Because these compose, a single plain-English instruction can do real work. Consider:
You write: "When transitioning to 'Released', find all issues that block this one, move them to 'Done' if they're in Testing, and comment 'Unblocked by this release' on each."
The AI searches for the blocking issues, transitions the ones in Testing, and comments on each — a multi-step routine you'd otherwise hand to a script. Or:
You write: "When this moves to Resolved, log 2 hours with the comment 'Code complete', add the 'resolved' label, email the assignee, and check whether the parent epic's other issues are also resolved."
Four distinct actions across three Jira tools, plus a JQL check — all from one sentence, all logged. You didn't write a function. You wrote the brief.
Why this beats scripting on every axis that matters
It's easier. The skill required to maintain your workflow logic drops from "can read and debug Groovy" to "can describe what should happen." That's not a smaller team of specialists — it's anyone who owns the process.
It's faster.
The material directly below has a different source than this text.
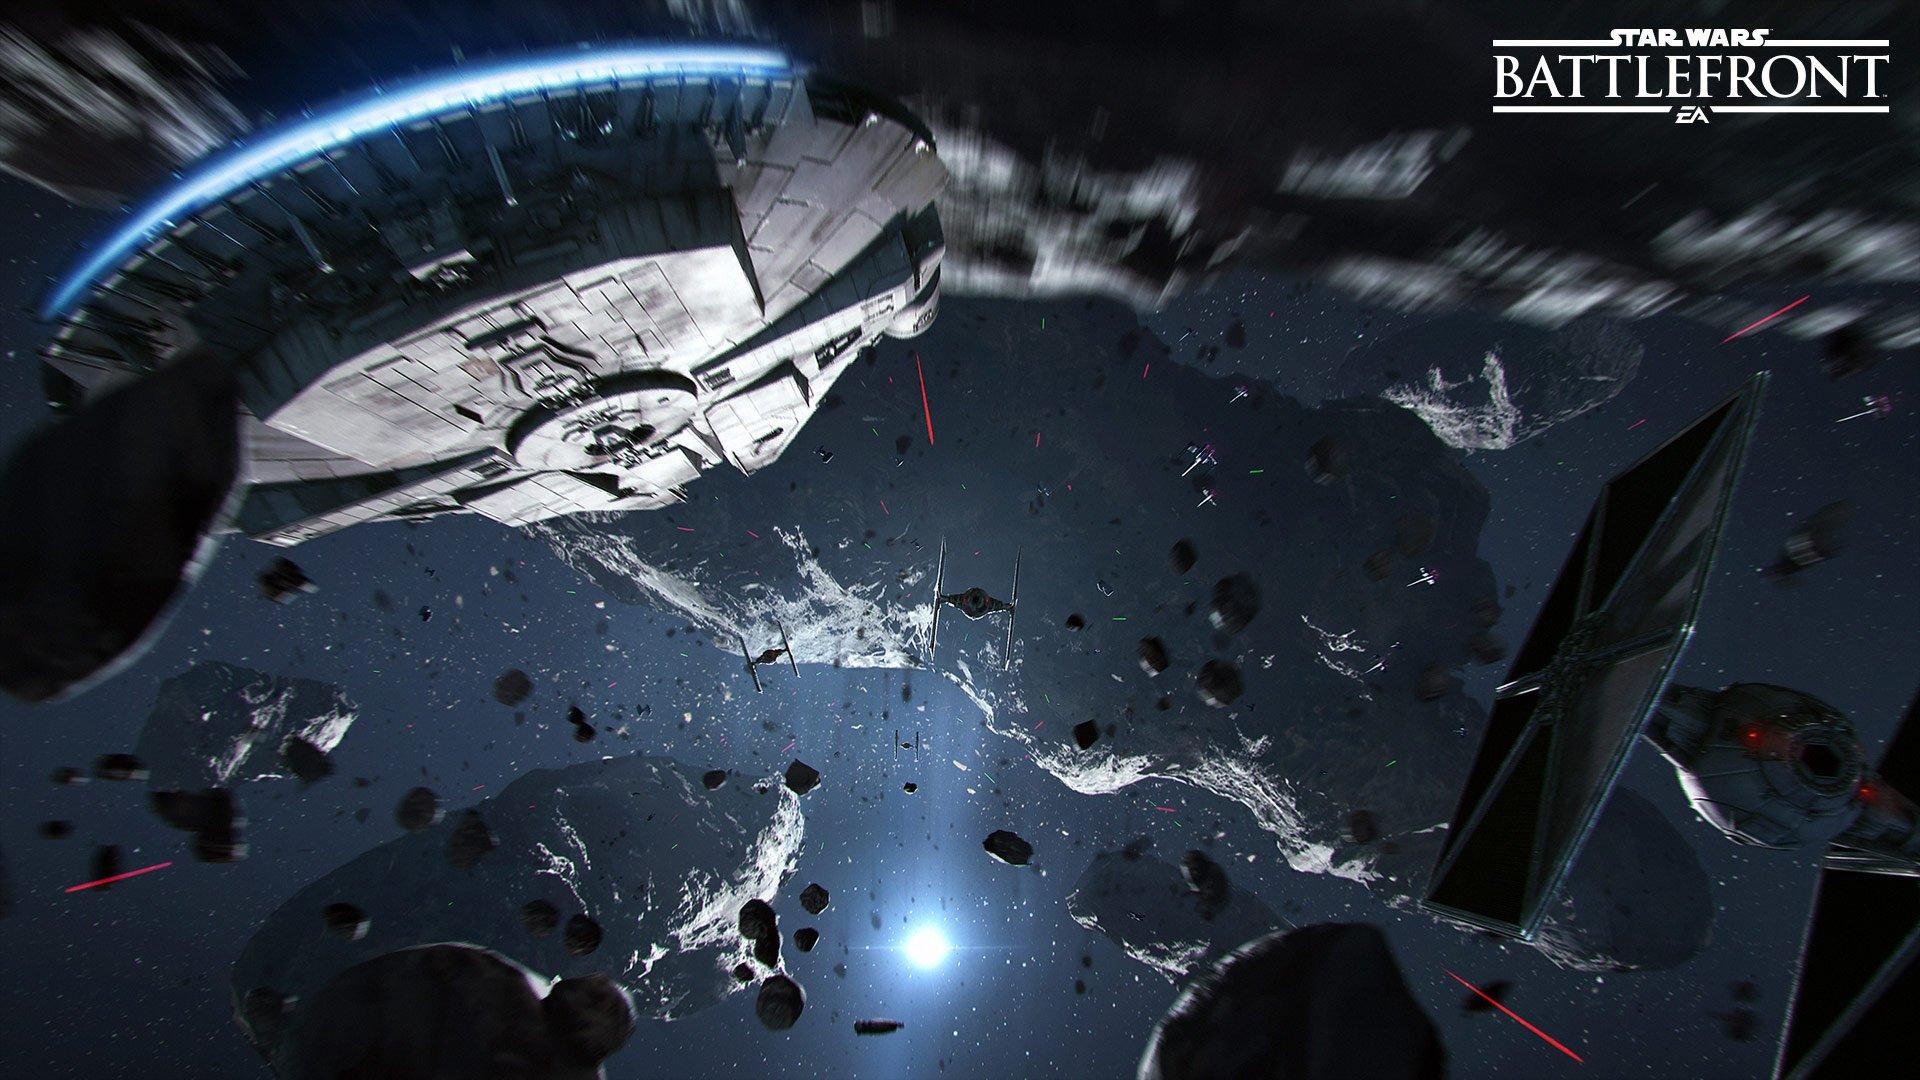 Star Wars Battlefront: Death Star review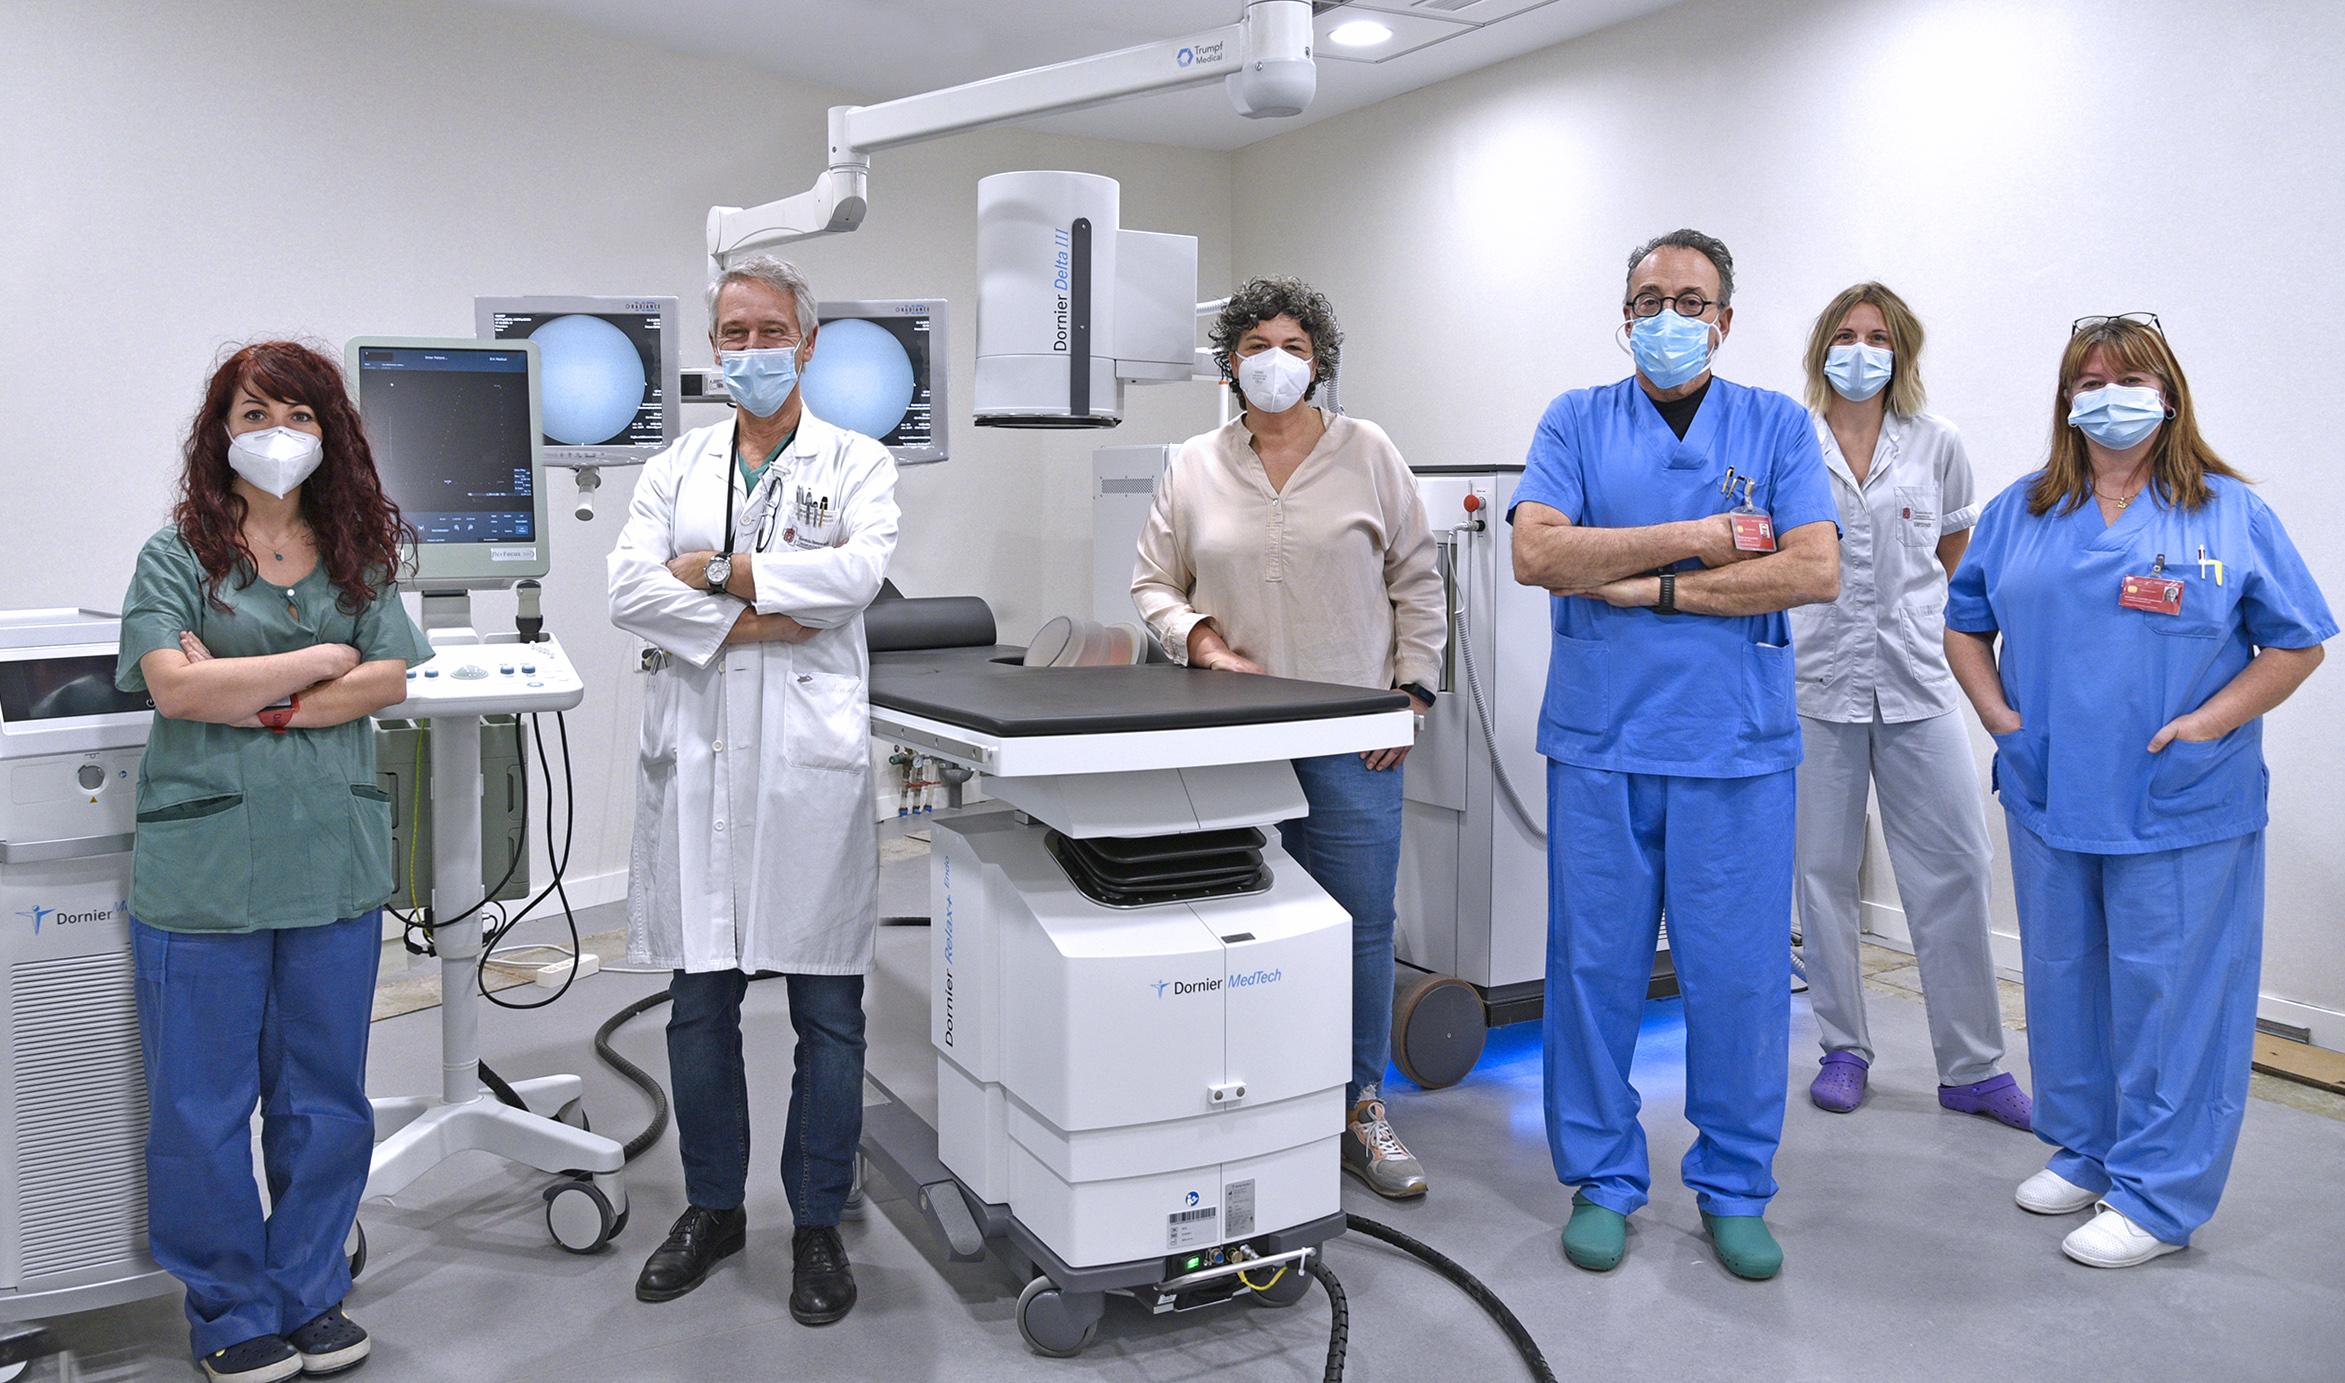 De izda. a dcha.: Zaloa Amelibia (facultativa adjuntade Urología), Manuel Montesino (jefe de servicio), Pili Luri (enfermera), Andrés Rivas (jefe de la Sección de Urología), Aitziber Allo (enfermera) y Araceli Cortés (auxiliar de enfermería).

Adding or changing a rule is editing a sentence, not editing code and redeploying. The process owner who wants one more guardrail doesn't file a ticket and wait for the one person who can touch the script. They describe it.
It's maintainable by anyone. The rule reads as the intent. Six months from now, when someone asks "why does this transition get blocked?", the answer isn't buried in code — it's the sentence sitting right there in the configuration. There is no knowledge locked in one head, because the rule is written in the language everyone already speaks.
It survives change. Conditions compile to native Jira expressions; validators and post-functions reason over the live issue context at run time rather than against assumptions frozen into old code. And the fail-safe design — conditions and validators that allow rather than block when something can't be parsed, post-functions that catch tool errors and keep going — means an edge case degrades gracefully instead of jamming your workflow.
You don't trade power for simplicity, either. Conditional branches, queries over related issues, multi-step sequences — the things people reached for scripts to do — are exactly what the natural-language modules handle.
The short version
For years, customizing a Jira workflow meant writing code that most of your team couldn't read, couldn't safely change, and quietly dreaded every upgrade. The scripts worked until they didn't, and the knowledge to fix them walked out the door with whoever wrote them.
Workflow Toolkit for Jira removes the scripting layer entirely. You describe the condition, the validator, or the post-function in plain English, and the AI builds it — readable, maintainable, and owned by the person who understands the process, not just the syntax.
Scripts are the past. Describe what you want, and let the workflow do the rest.